» **Required action**: Could you restate word for word every line from the one containing "美式装修风格卧室窗帘装饰图" to the end of the data below, pictures excluded?

» **Data shown**:

^^^^^^^^^^^^^^^^

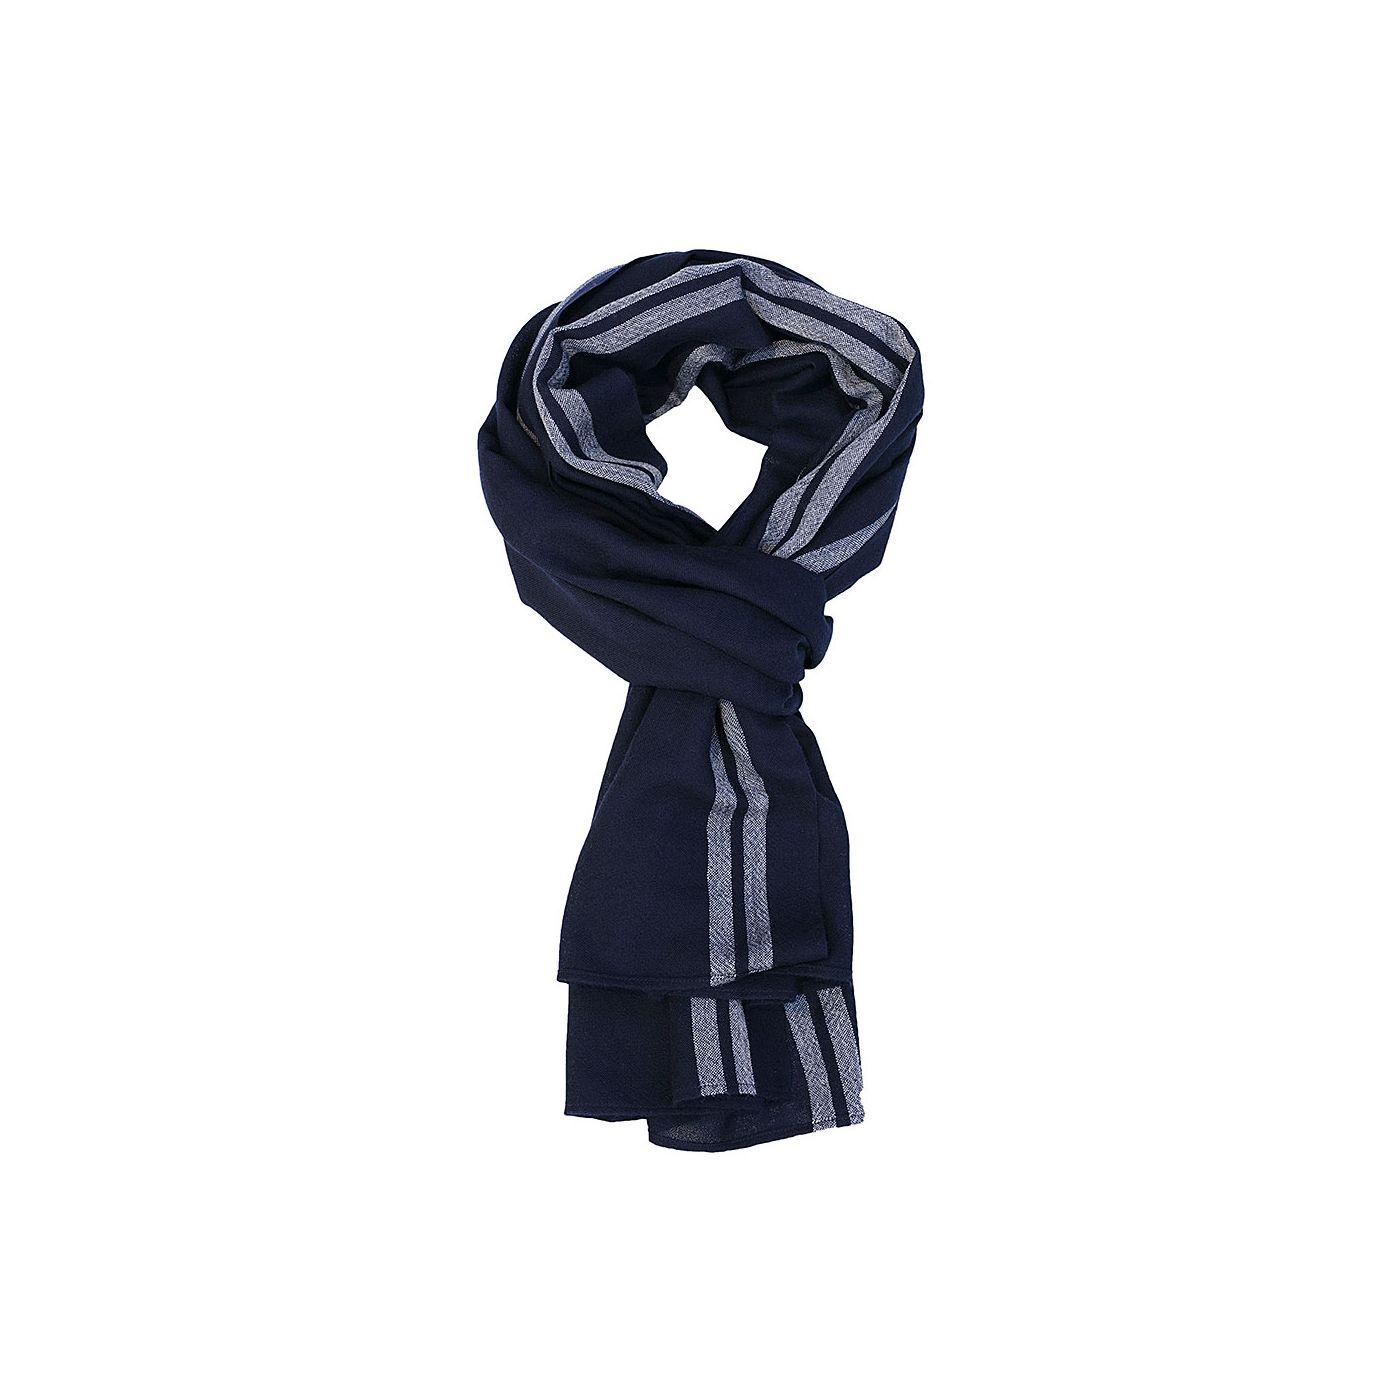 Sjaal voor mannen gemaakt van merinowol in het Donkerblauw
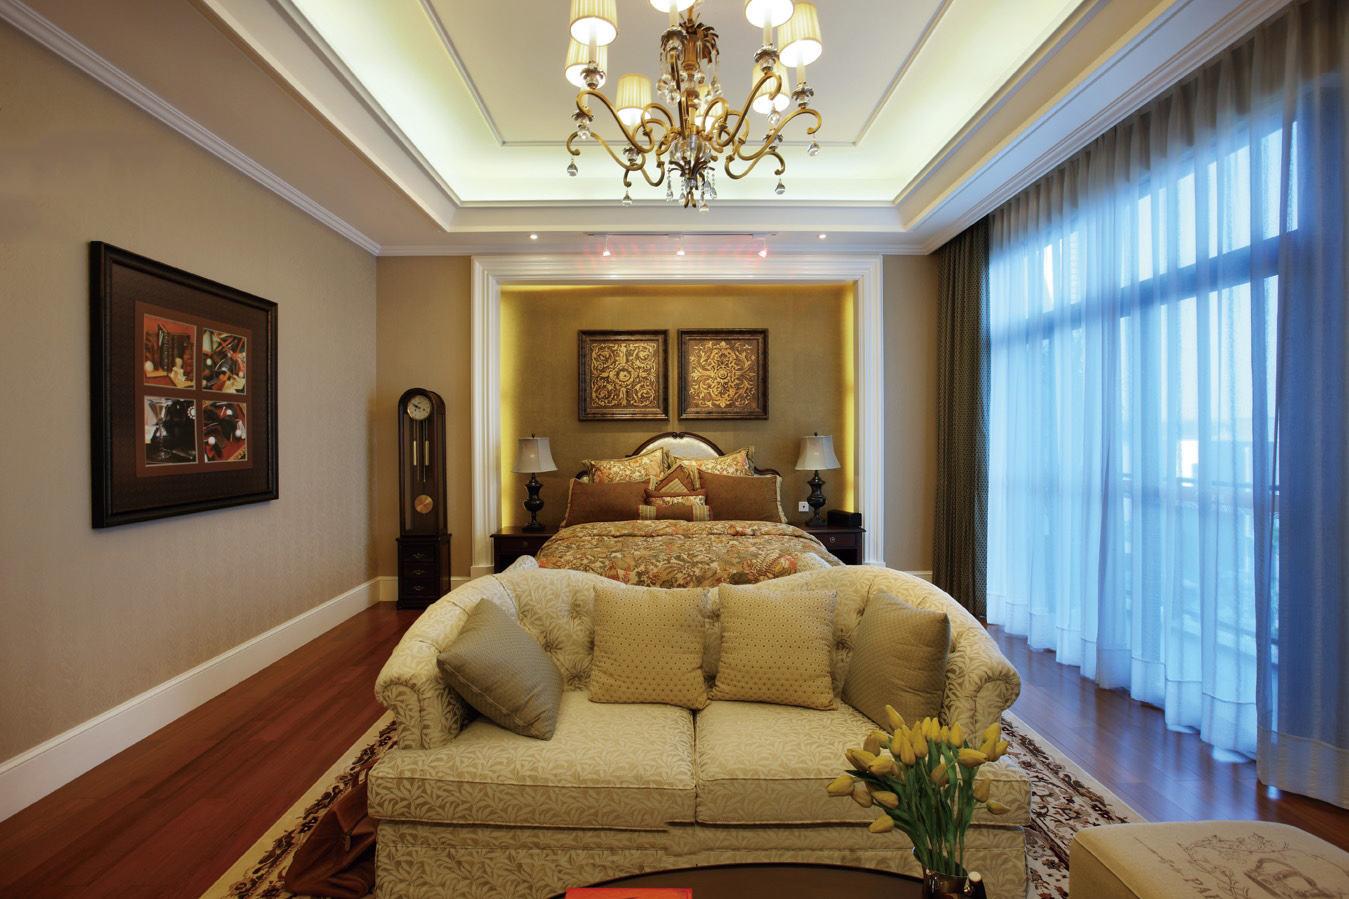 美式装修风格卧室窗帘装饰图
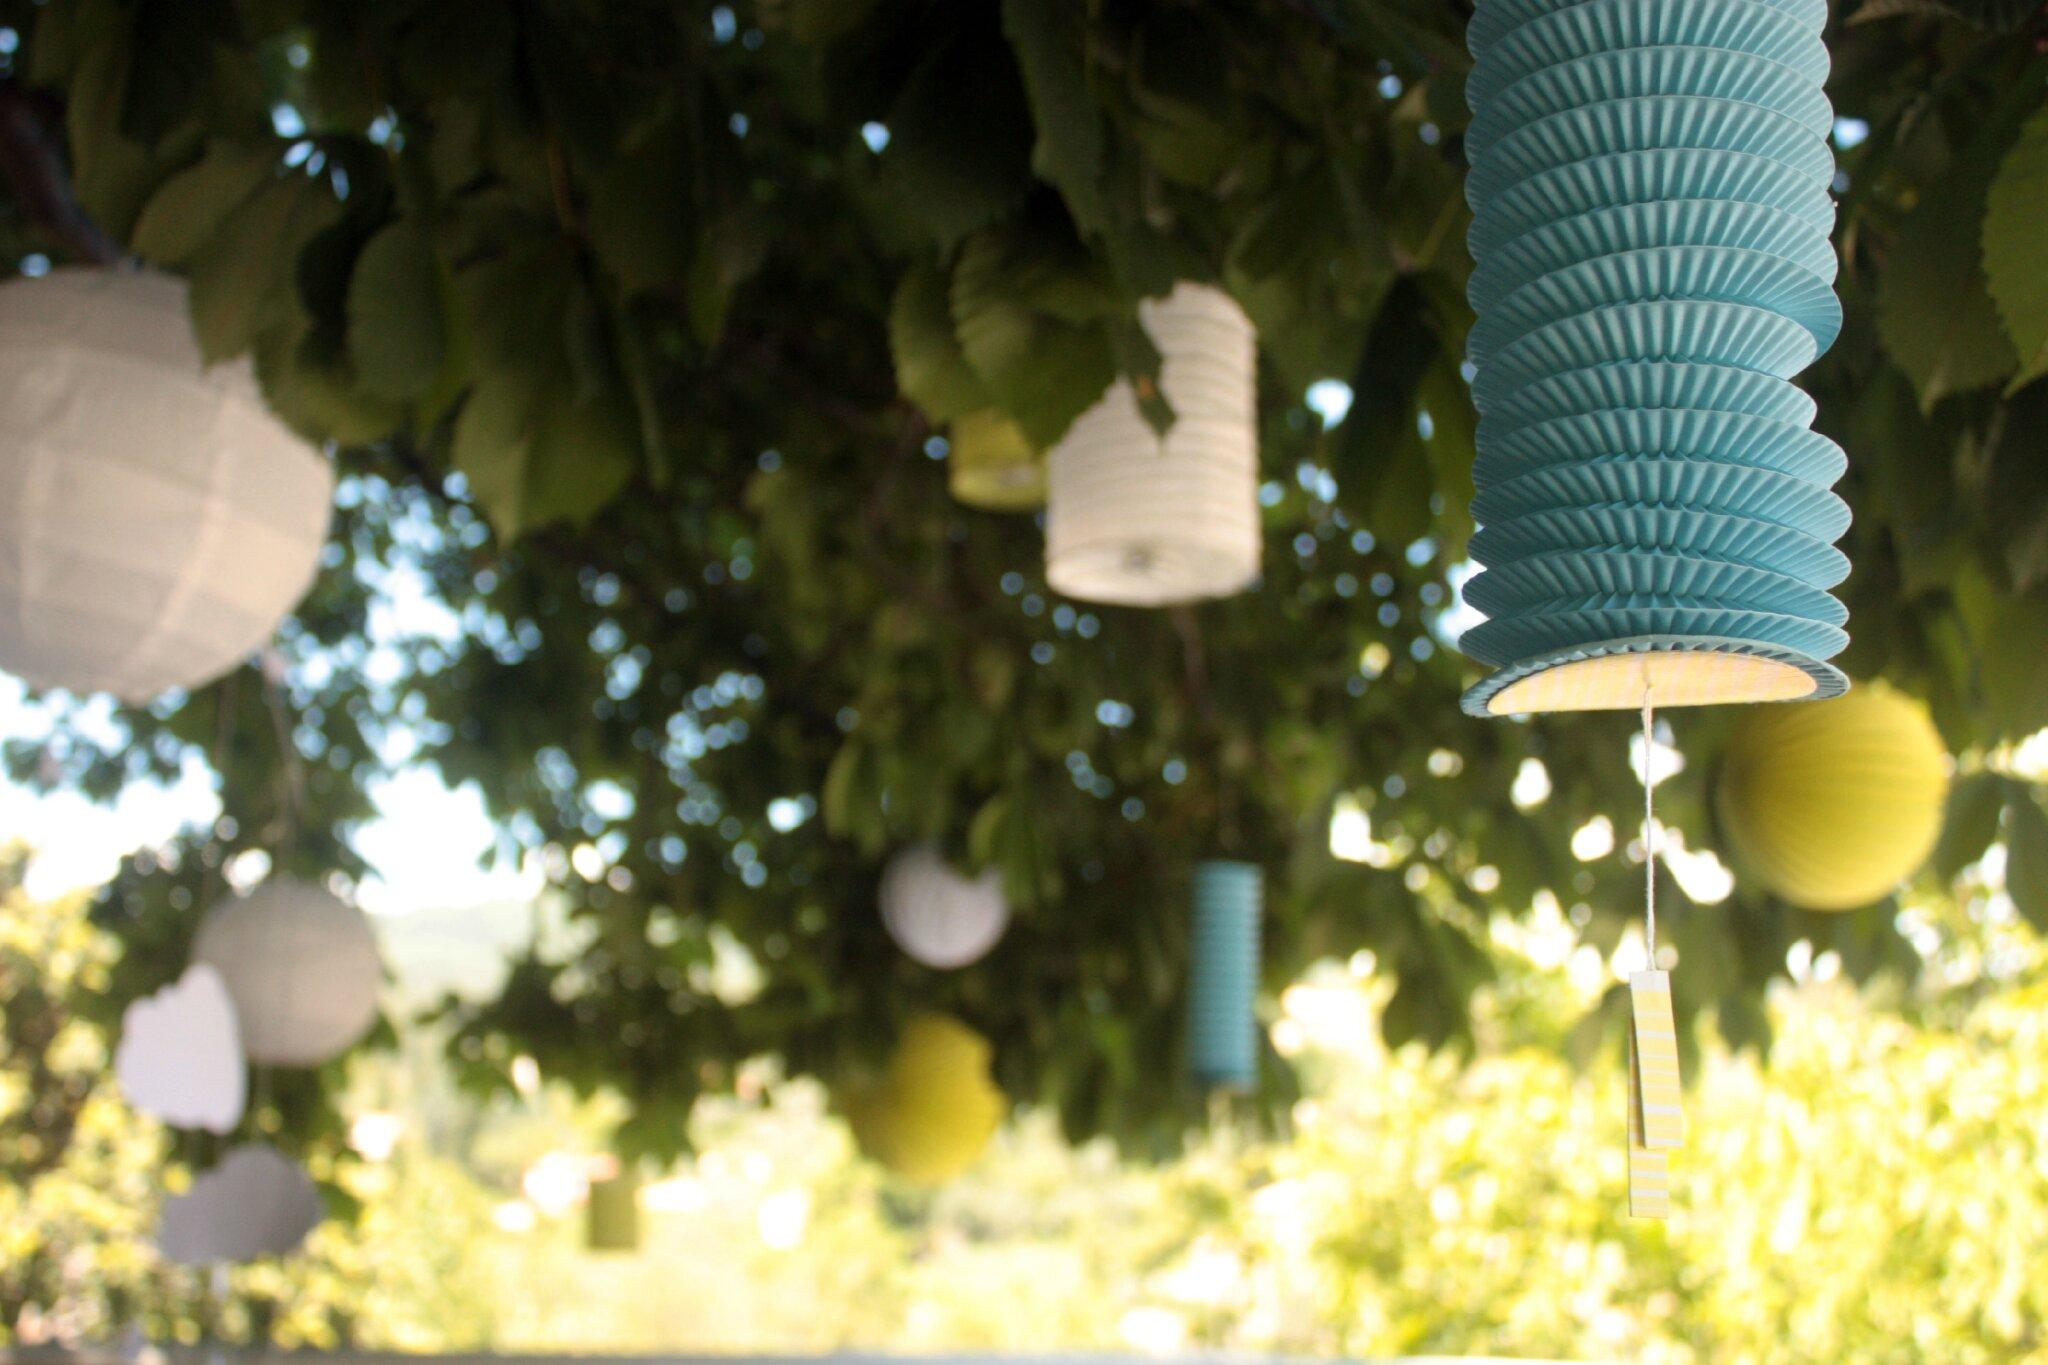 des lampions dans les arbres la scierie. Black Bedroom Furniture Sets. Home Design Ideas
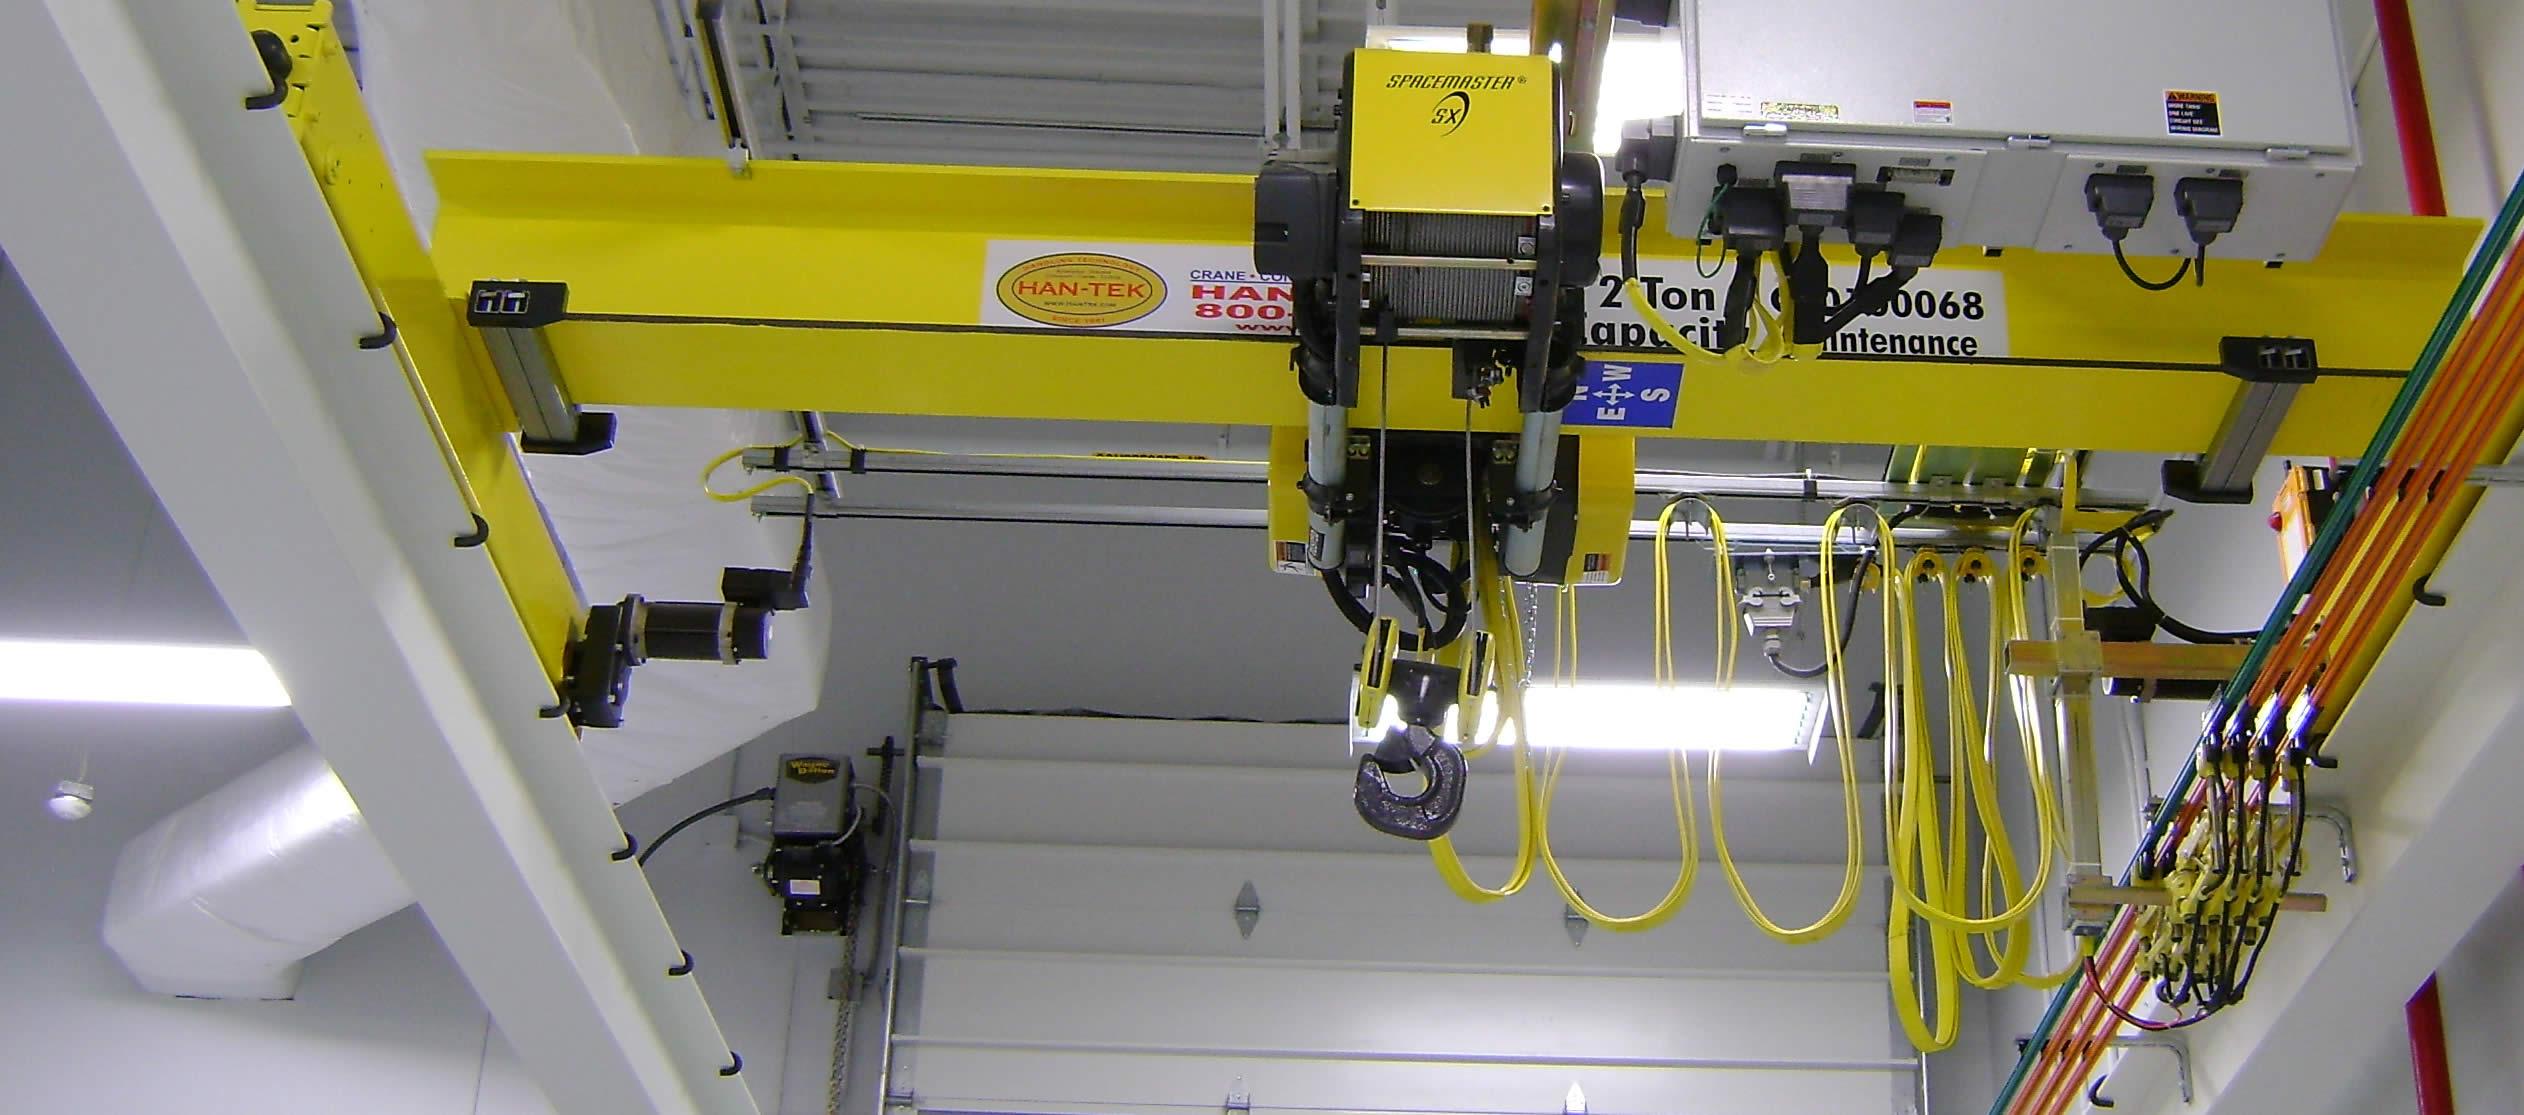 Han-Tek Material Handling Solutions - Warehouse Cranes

^^^^^^^^^^^^^^^^

» **Answer for the task**:
 美式装修风格卧室窗帘装饰图
 des lampions dans les arbres la scierie. Black Bedroom Furniture Sets. Home Design Ideas
 Han-Tek Material Handling Solutions - Warehouse Cranes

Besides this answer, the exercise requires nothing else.